Why Some Patients Get Unexpected Bills After Emergency Room Visits

An effort to control costs could discourage patients from seeking emergency care.


OVER THE PAST YEAR OR so, a troubling trend has been reported in various media outlets: Some health insurers are denying claims from members who visited the emergency department for what they believed were actual emergencies. These policies involve the insurance company retroactively examining claims and approving or denying payment based on whether or not the incident was deemed a true emergency.


The problem is, most people aren't trained in medicine and don't know whether that pain in the belly is a burst appendix, which requires immediate medical intervention, or something harmless, such as gas pains that will pass on their own. Erring on the side of caution, many people go to the emergency room for an expert opinion. But even with health insurance, an increasing number of patients are finding out they're on the hook for a very large bill, but only after the insurance company has had an opportunity to review diagnostic tests that the patient didn't have prior to making the decision to visit the emergency department.

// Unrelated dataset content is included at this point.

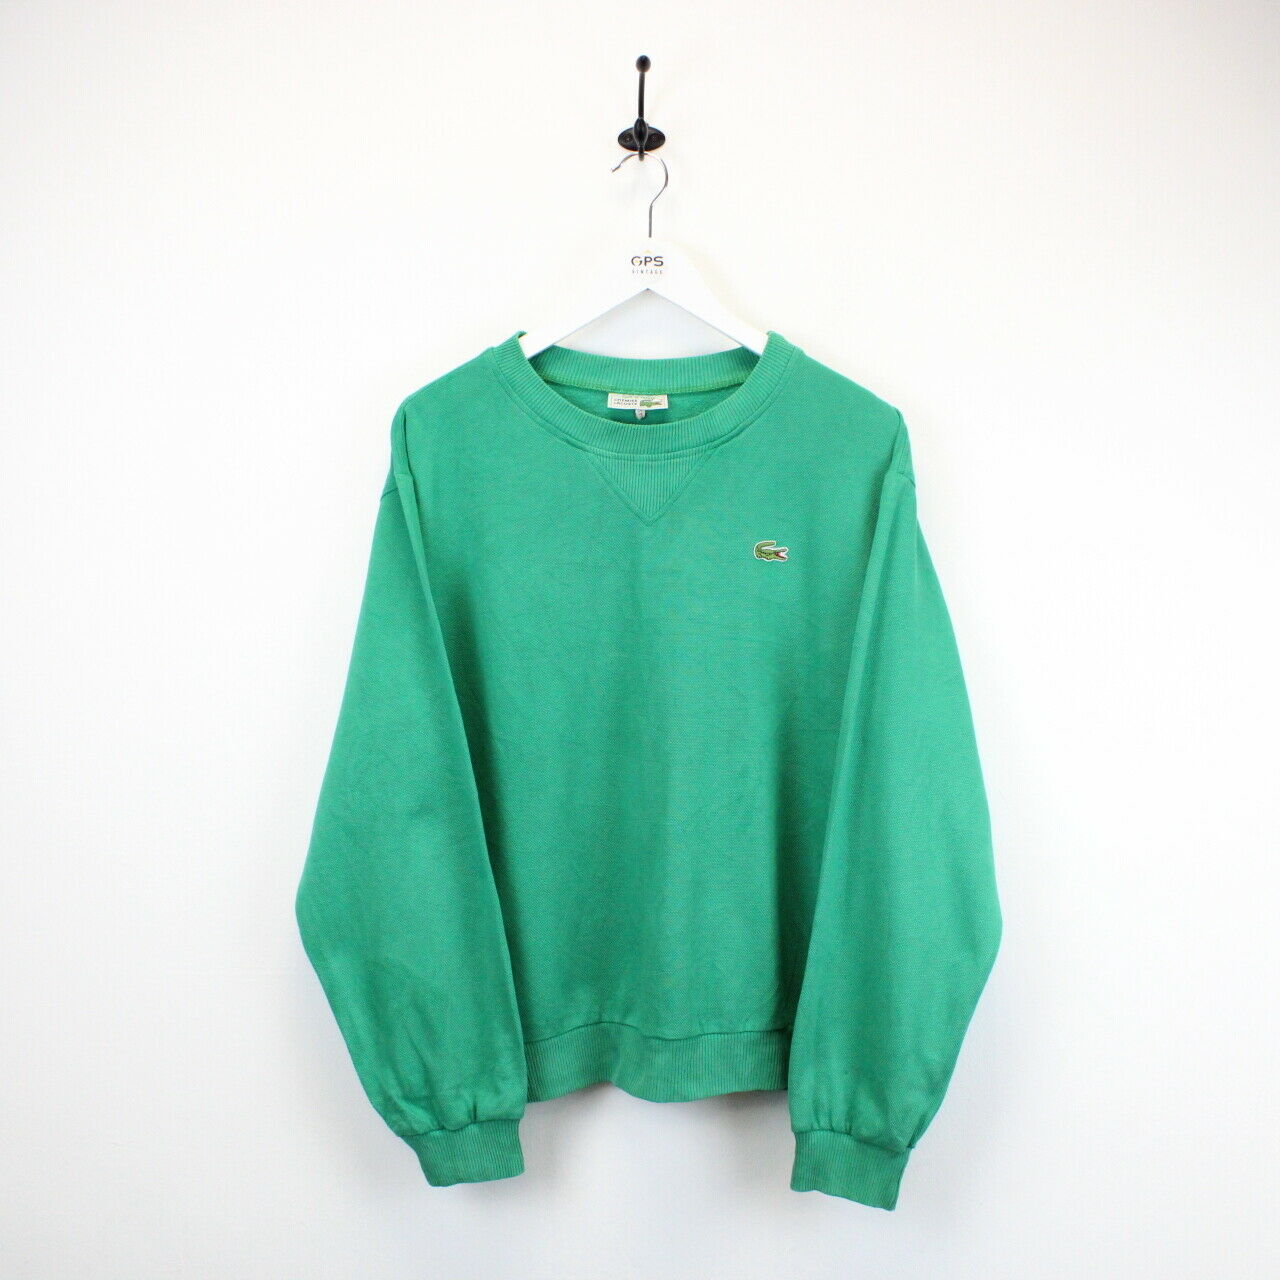 CHEMISE LACOSTE 90s Knit Sweatshirt Green | Small
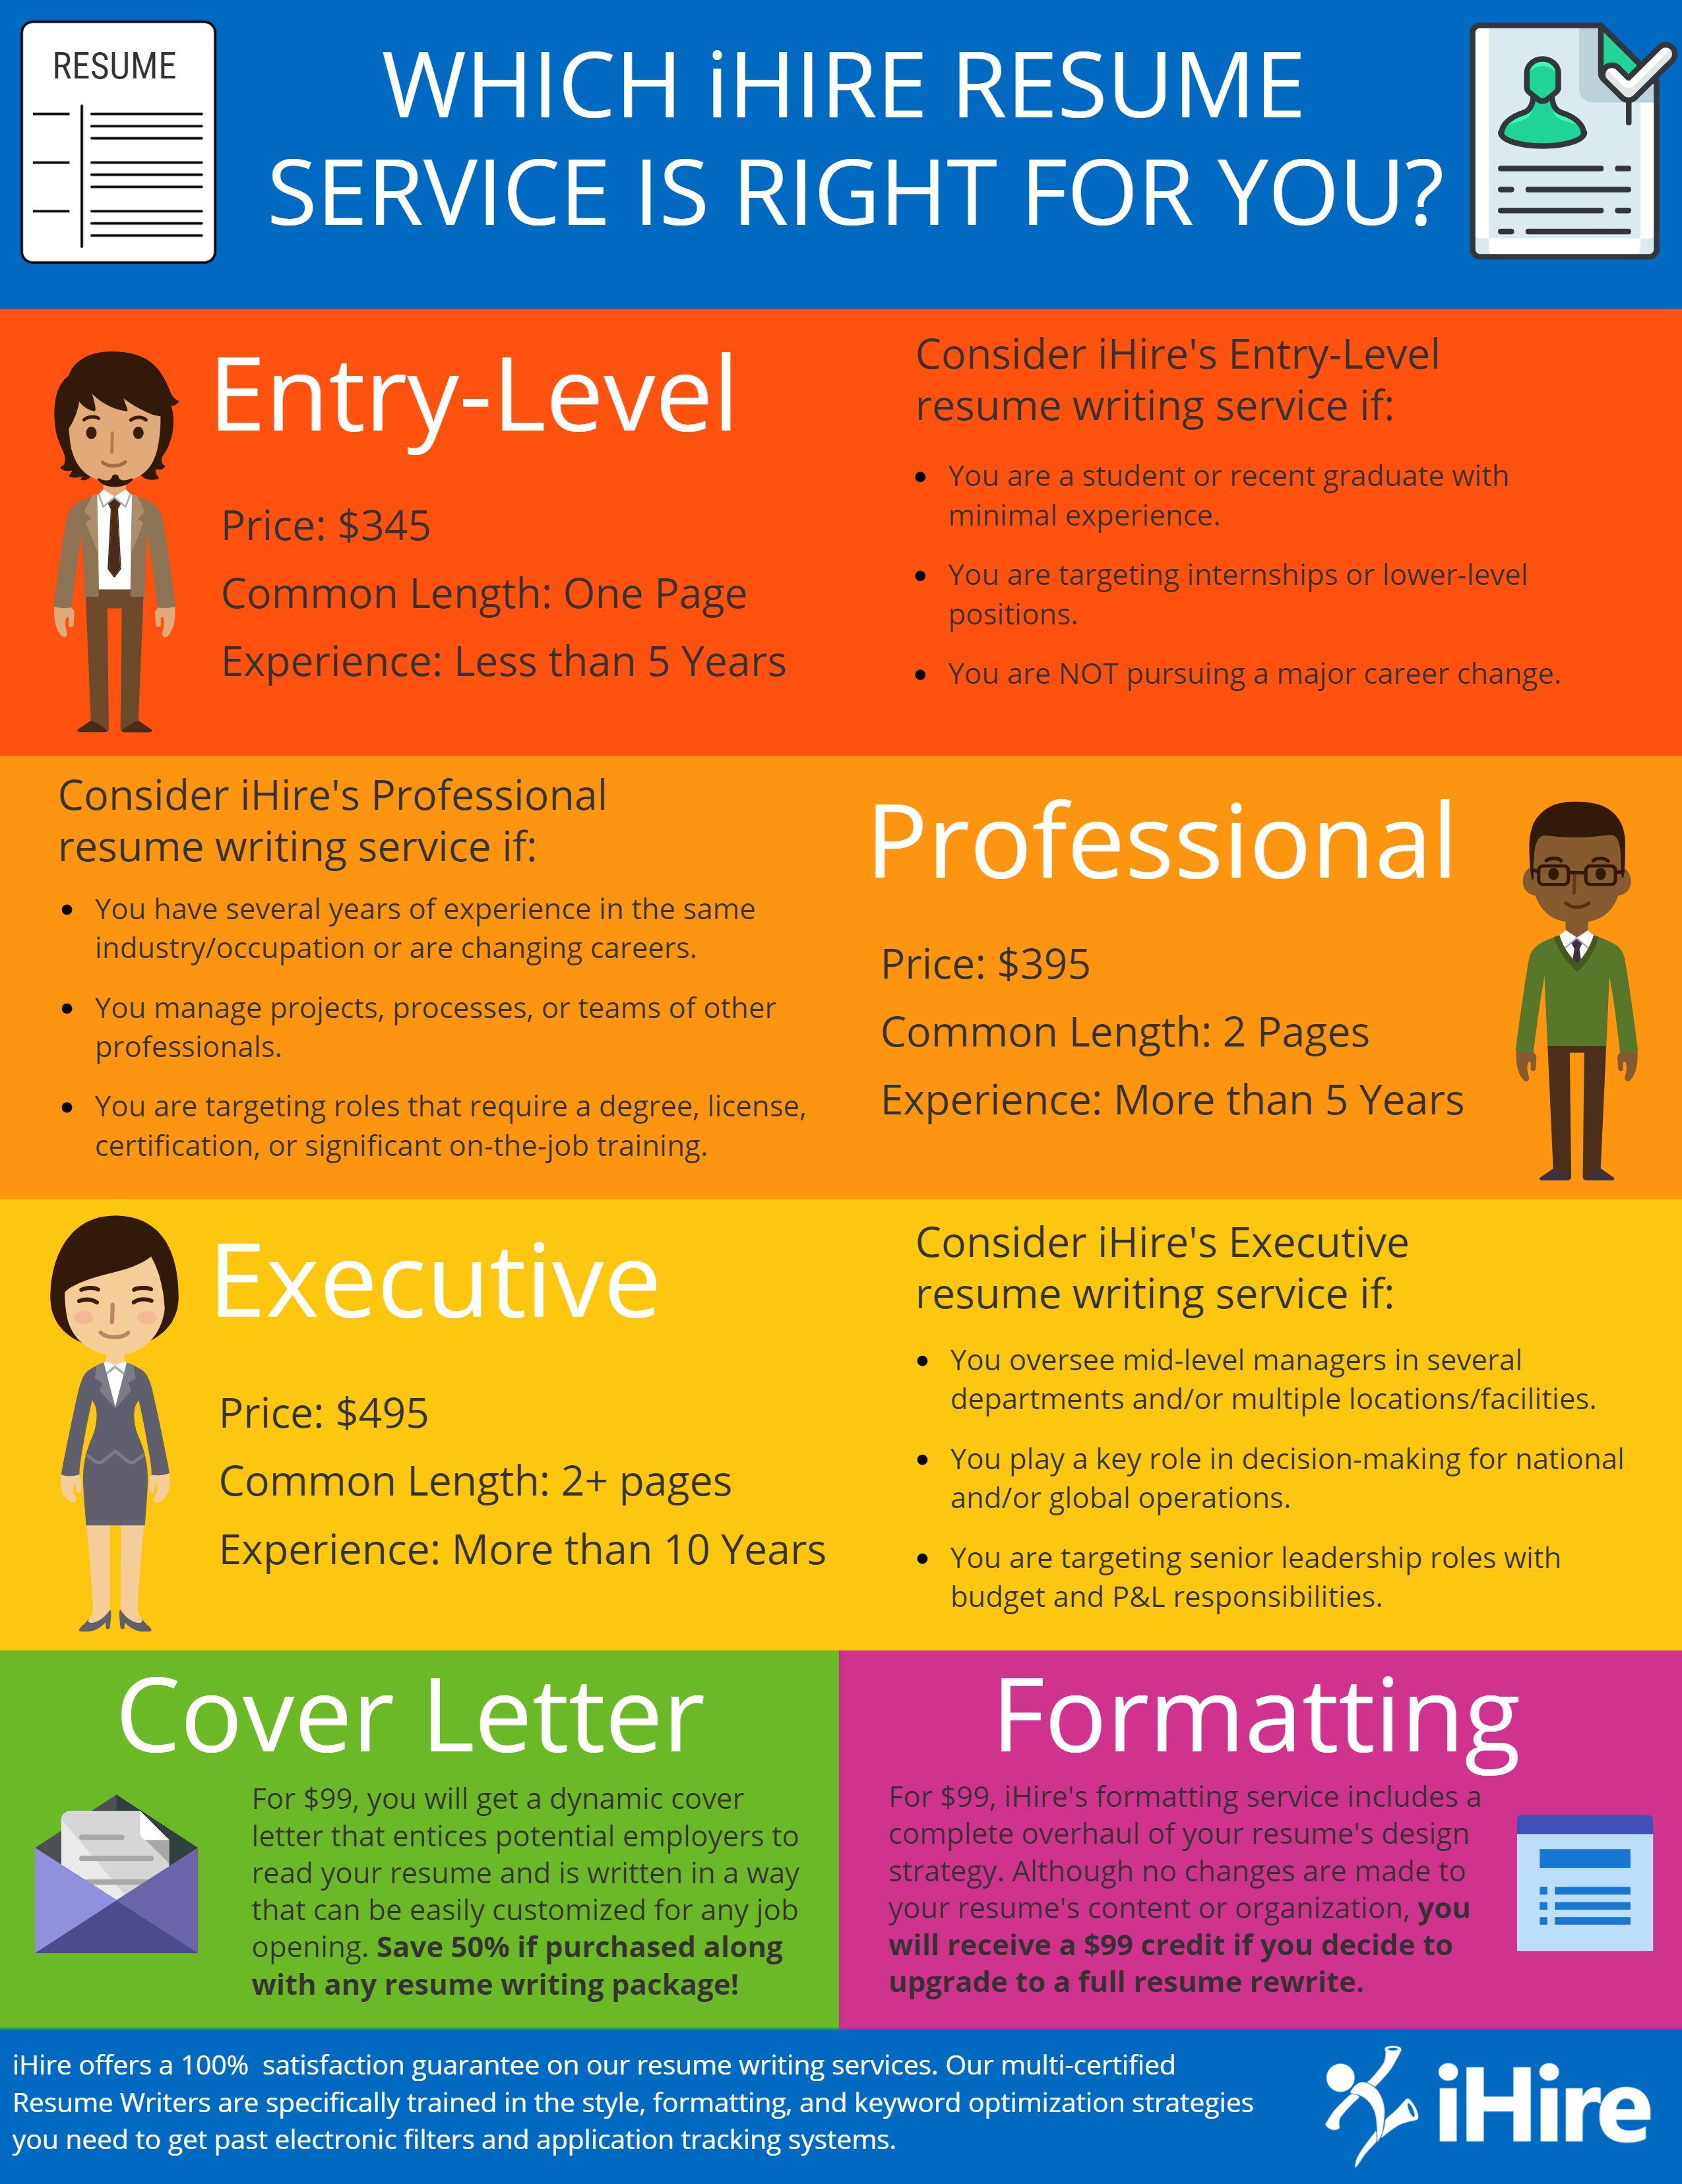 Airline resume writing service

The American College of Emergency Physicians reports that certain insurers are keeping a list of "secret" diagnostic codes that, when tagged in a reimbursement submittal, will get the claim tossed out. The ACEP is raising the alarm that these sorts of policies may become standard across the industry if insurers who are enacting such policies aren't challenged, arguing that not using a measure called the "prudent layperson standard" violates federal law and discourages patients from seeking emergency care when they need it.


The "prudent layperson standard," is the measure by which most emergencies are determined to be emergencies, says Salvatore G. Rotella, Jr., partner at Buchanan Ingersoll & Rooney, PC, a full-service law firm based in Pittsburgh. Rotella is a health care attorney in the firm's Philadelphia office who represents health care providers in payment disputes with insurance companies. "The idea is, 'what would a normal person think?' If you or I woke up and had intense pain in the left side of the chest and couldn't breathe, we might reasonably think we're having a heart attack. And even if it turns out to be gas pains, you wouldn't get dinged for going to the emergency room to get it checked out" if your health insurance policy uses the prudent layperson standard as its benchmark for analyzing claims. "The visit would be paid for. Whereas if you woke up and your foot hurt, a prudent layperson wouldn't think, 'I'm going to the ER because I think I'm having a heart attack.' To a prudent layperson, a bit of pain in the bottom of your foot doesn't mean you're having a heart attack." And if you did go to the ER, it seems reasonable that you might be on the hook for paying the bill out of pocket.